By Victor A. Neuman, PE

Laboratory facilities are expensive to build and even more costly to operate. Lab buildings with even moderate concentrations of chemical fume hoods can increase both construction costs and operating costs. This article presents some viable, higher-first-cost alternatives that generally result in significantly lower operating costs.

The first alternative is to use fume hoods with face velocities of 60 ft/min, which are variously referred to in the trade as “low-flow,” “low-exhaust-volume,” or “high-efficiency” fume hoods. The second alternative is to use variable volume controls on standard VAV fume hoods. A third alternative is to use low-flow fume hoods in conjunction with variable volume controls.

Before the analysis, a reality check: This article is aimed at fume-hood-heavy buildings. If you have one fume hood per 1,000 ft2 of laboratory or less, you do not have a fume-hood-heavy building. Many biology labs fall into the “not fume-hood-heavy” category, especially if using biological safety cabinets that are not hard-ducted to the exhaust system.

A fume-hood-light lab might still identify reasons to use low-flow fume hoods and/or variable volume controls, but such a choice won’t represent a major first cost.
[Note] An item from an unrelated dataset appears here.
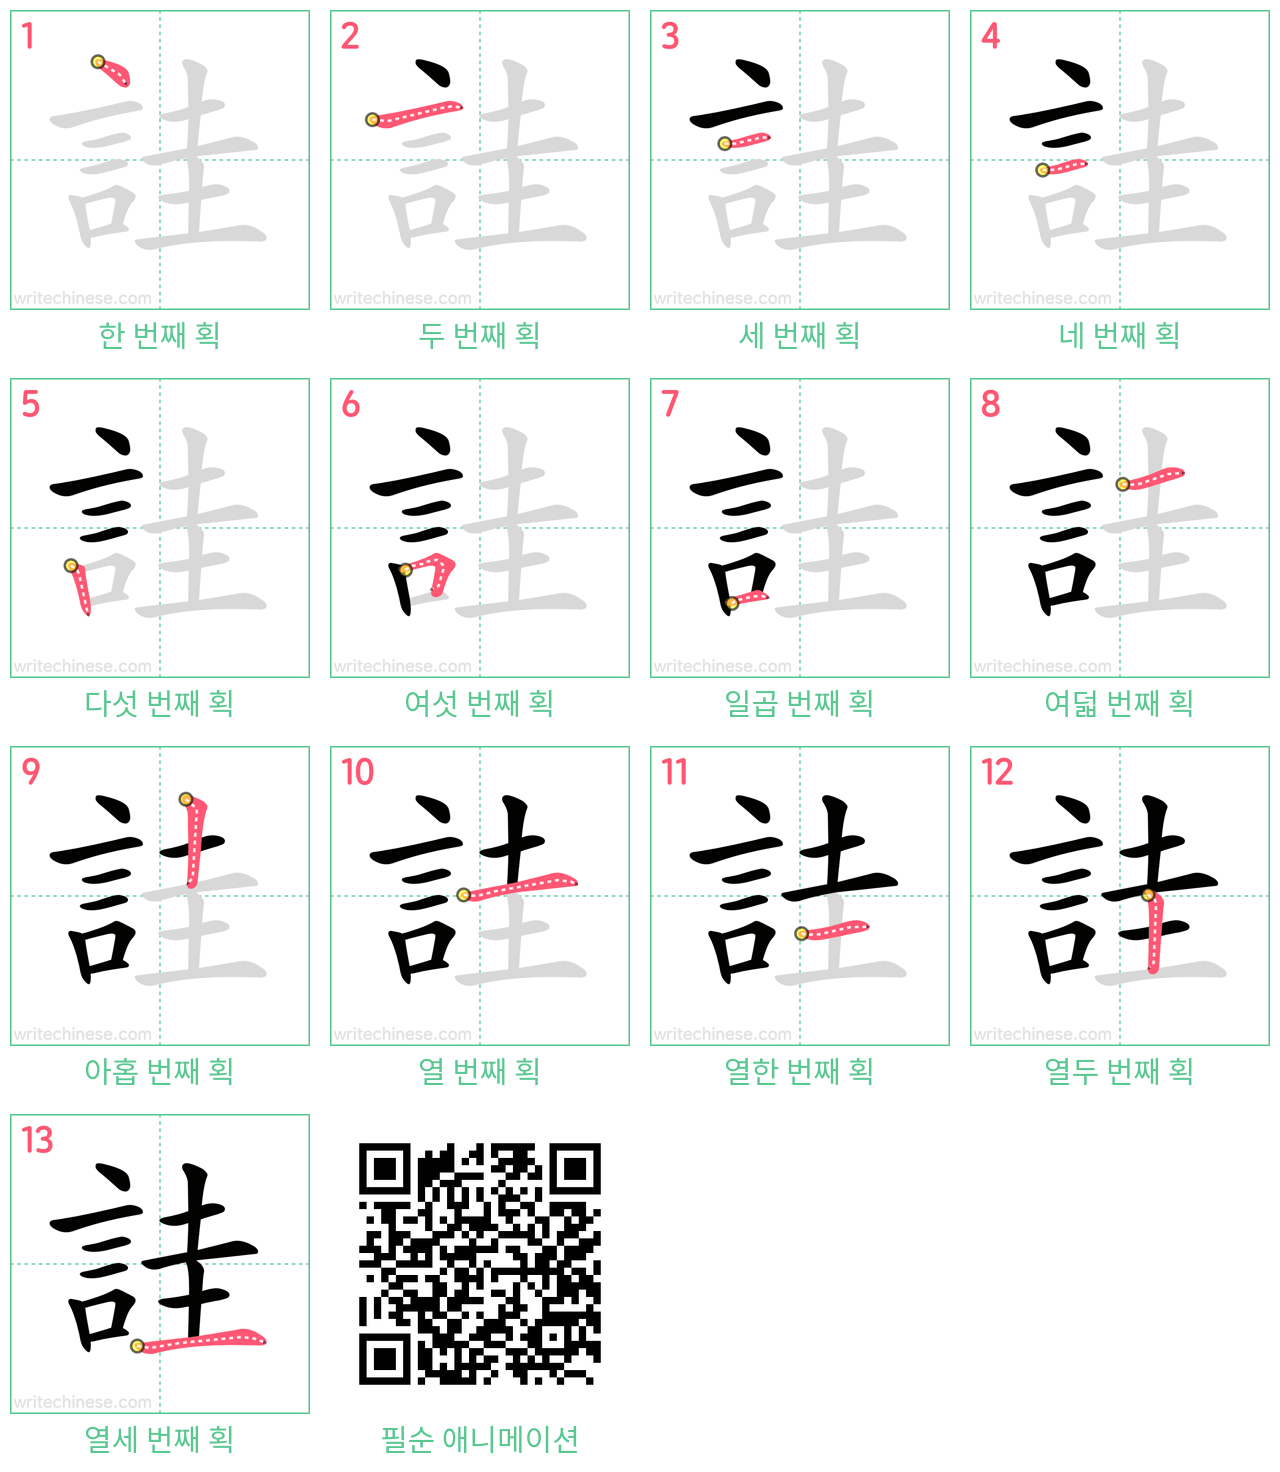 詿 step-by-step stroke order diagrams

However, variable air volume can still save major operating costs even if the fume hood density is light. A special case of variable air volume operation is two-position constant volume. This type of operation is often the most cost-effective control system of its type, especially when the hours of operation of the laboratory can be predicted ahead of time. This system is often used as an occupied/unoccupied control system.

A short history of fume hood energy conservation A standard 6-ft hood takes 1,200 ft3/min (cfm) of exhaust air to operate at full open sash. The cost of a single cfm that needs to be heated, cooled, filtered, and moved every hour of the year, in an average electrical rate area, is about $3/cfm annually. The yearly air-conditioning bill for a single 6-ft fume hood can be $3,600/yr or more.

In the 1960s, the solution to this problem of high operating cost was the “auxiliary air” or “add-air” fume hood design. This design used raw outside air, cold in the winter and humid in the summer, introduced on the head of the fume hood user. I strongly recommend that lab users not select this type of hood. (Readers wanting more explanation can order a technical paper from ashrae.org on the disadvantages of auxiliary air fume hoods.)

Variable air volume (VAV) fume hoods became a major player in laboratory construction in the early 1980s. The main goal of VAV was to reduce operating costs, but properly executed designs also had major safety benefits. Safety benefits were achieved by improving flow monitoring accuracy and providing more accurate fume hood alarms. VAV fume hoods have sophisticated air-conditioning controls that reduce airflows whenever the fume hood sash is lowered. The average fume hood, including those using variable air volume controls, operates with face velocities of 100 ft/min (fpm).


Low-flow hoods in Gwinnett University Center, Lawrenceville, Ga. Photo: Mike Sinclair, courtesy of Labconco. Click to enlarge.
The new kid on the block is the low-flow hood. These fume hoods have made significant impact in the construction of lab buildings just in the past three years. Low-flow hoods use advanced aerodynamic design to contain chemical vapors using a smaller quantity of exhaust airflow. All of the major manufacturers have come out with fume hood models in this category. The hoods are most commonly operated at lower face velocities, such as 60 fpm. (Some individual cities, along with the entire state of California, mandate higher face velocities, but most jurisdictions will allow 60 fpm to be used.) Only in the past few years have fume hood manufacturers offered models that they would heartily endorse for use at this low an airflow rate.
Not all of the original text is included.